From: Tom Barnes-Lawrence
Subject: Re: [GNUnet-developers] End-user wishlist
Date: Thu, 26 Jun 2003 06:16:06 +0100
User-agent: Mutt/1.3.28i

Hi, me again...
On Wed, Jun 25, 2003 at 06:13:55PM -0500, Christian Grothoff wrote:
<snip>
> 
> I agree with that "afs" should be part of the URI. I would think of "afs" as 
> the authority that is responsible for the data. For the non-hierarchical hash 
> codes, I would suggest to use "." as a separator. That would yield:
> 
> gnunet://afs/HASH1.HASH2.CRC.SIZE
<snip>
> gnunet://afs/NAMESPACE/HASH1.HASH2.CRC.SIZE
> 
> Any further comments?

 As an alternative to using '|' I was thinking of '-' as a separator myself,
but '.' sounds just as good. The only disadvantage of '.' is if somebody
quotes the URL at the end of a (written!!) sentence. But that's not exactly
a fatal disadvantage, and I can't think of any advantage '-' would have.
Meh.

One thing I'd like to say, though, is that I remember the way Freenet did
their URIs.
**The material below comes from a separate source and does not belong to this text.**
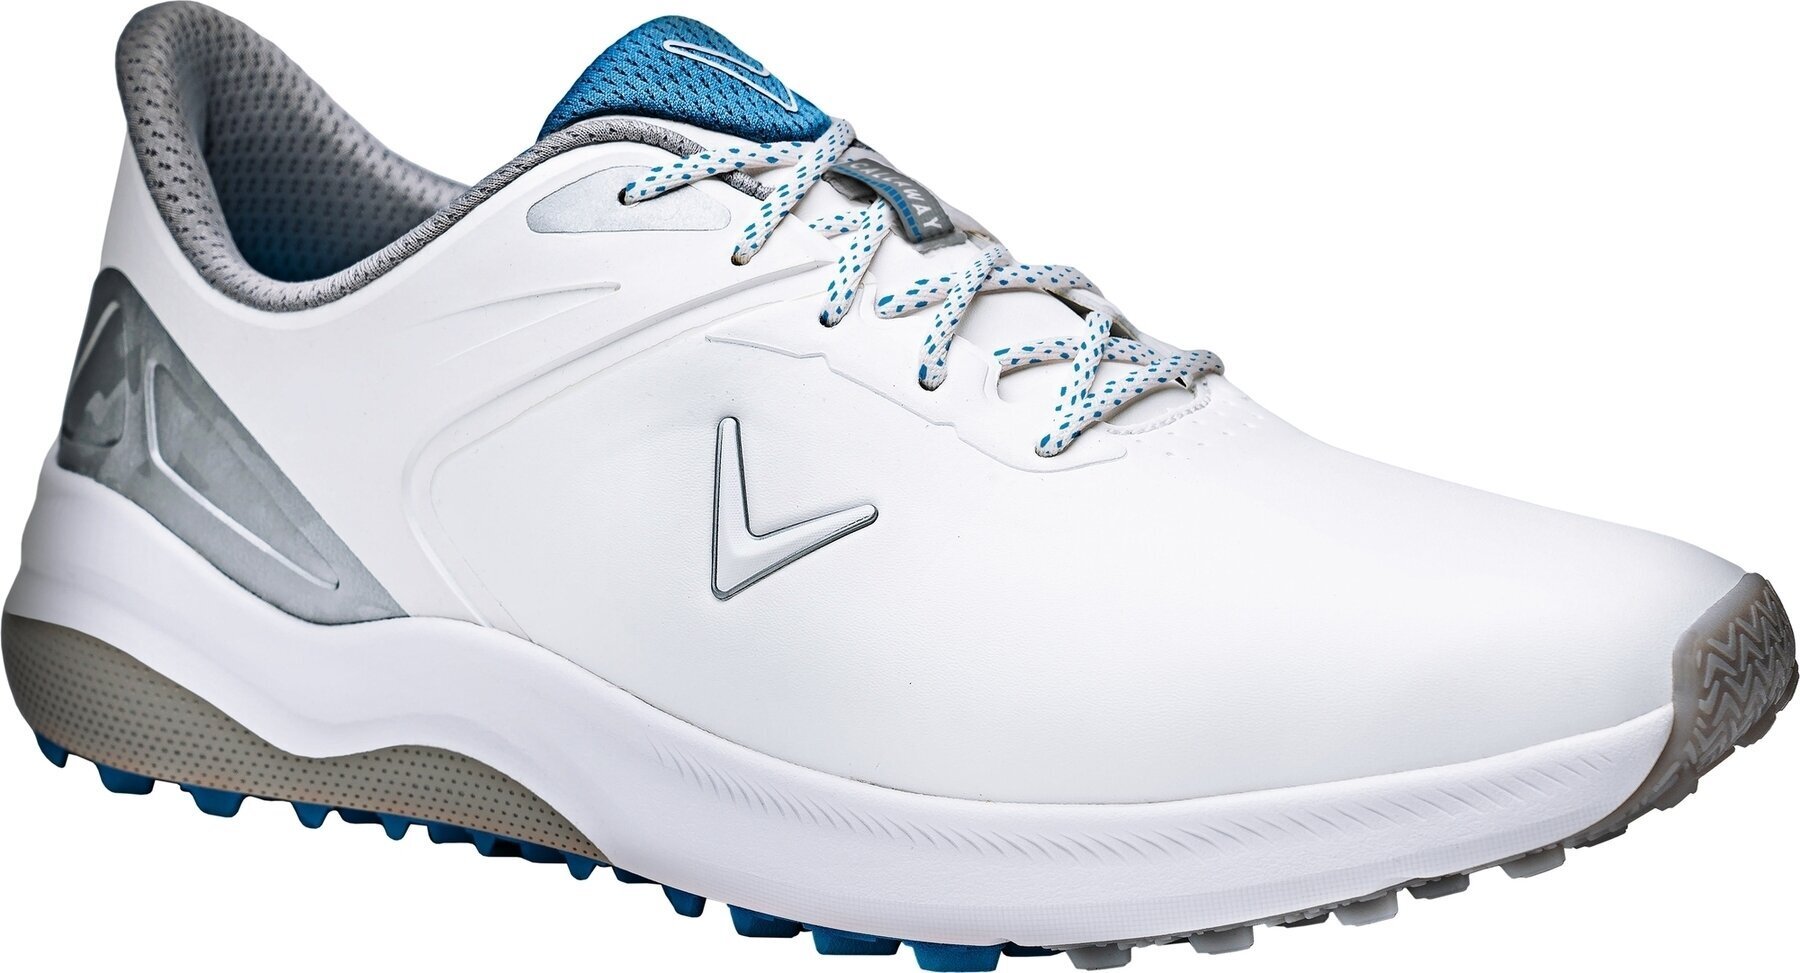 Ανδρικό Παπούτσι για Γκολφ Callaway Lazer Mens Golf Shoes White/Silver 44,5
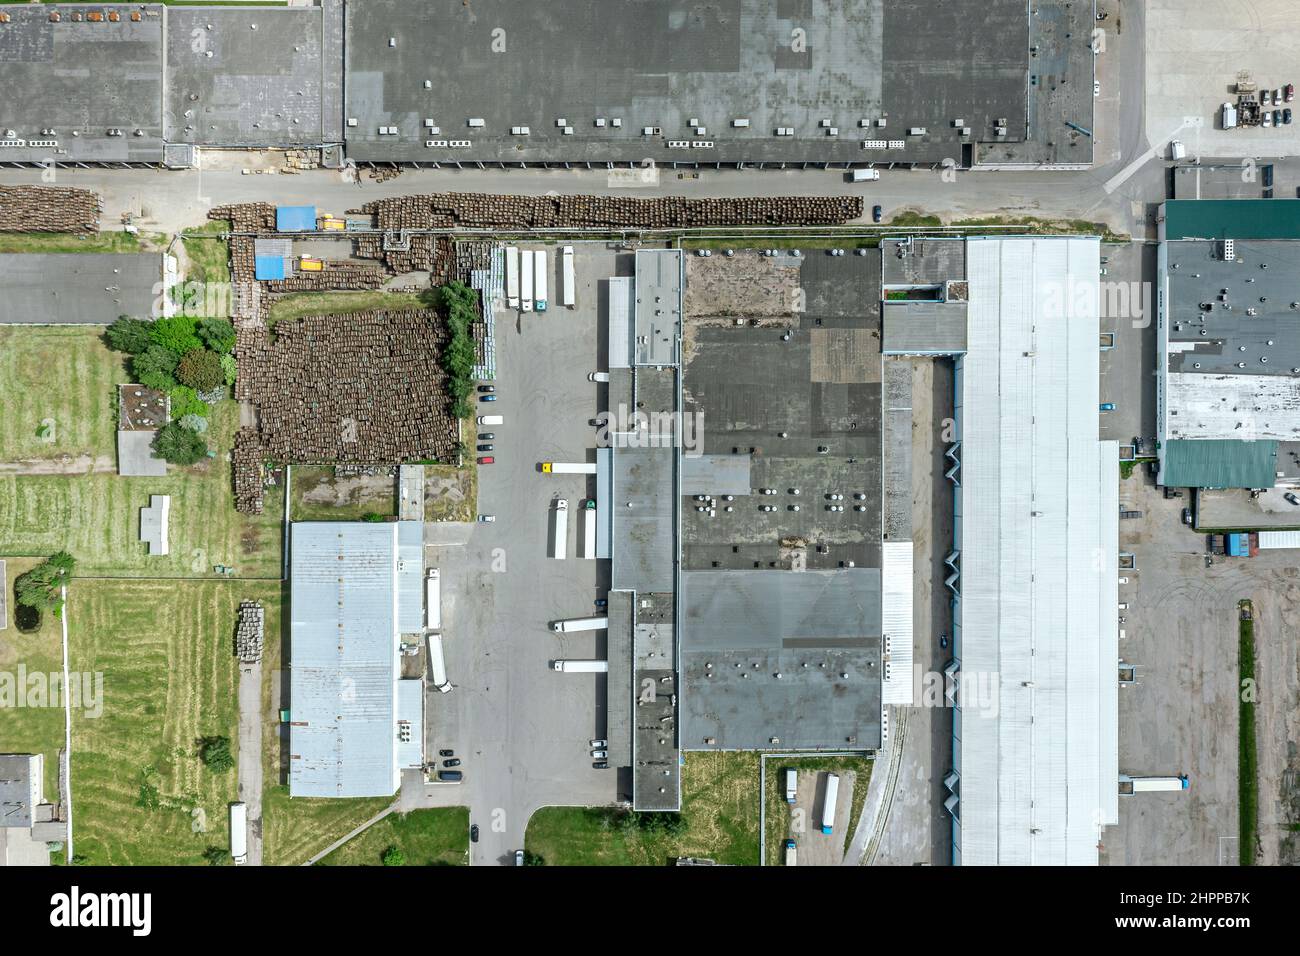 vue aérienne de l'entrepôt de marchandises. centre logistique dans la zone industrielle de banlieue par dessus. Banque D'Images

They came out with a URI scheme, like we are here, but then
as the network was primarily accessed through the http proxy, they used
http: URIs for that...
Except they decided they should use the freenet: URIs as PART of the http:
URI, like

  http://localhost:8080/freenet:address@hidden

Which Konqueror (the version I had at the time, at least) consistently
interpreted as

  http://veryverylongusername:address@hidden

because of the special meaning of : and @ in http URIs.

Now, the gnunet: URI being described doesn't sound like it would actually
have such problems, but the point is, that URIs should be used as URIs
(if you see what I mean...) and if you're actually accessing the resource
through a proxy with http, it should just pass the relevant arguments in
the way http usually accepts them.
But yeah, I'd much rather GNUnet had its own method of browser  access
(of some sort) that bypasses http, and (like, er, anonymous1 says) html,
in which case our own URI type would presumably be a requirement.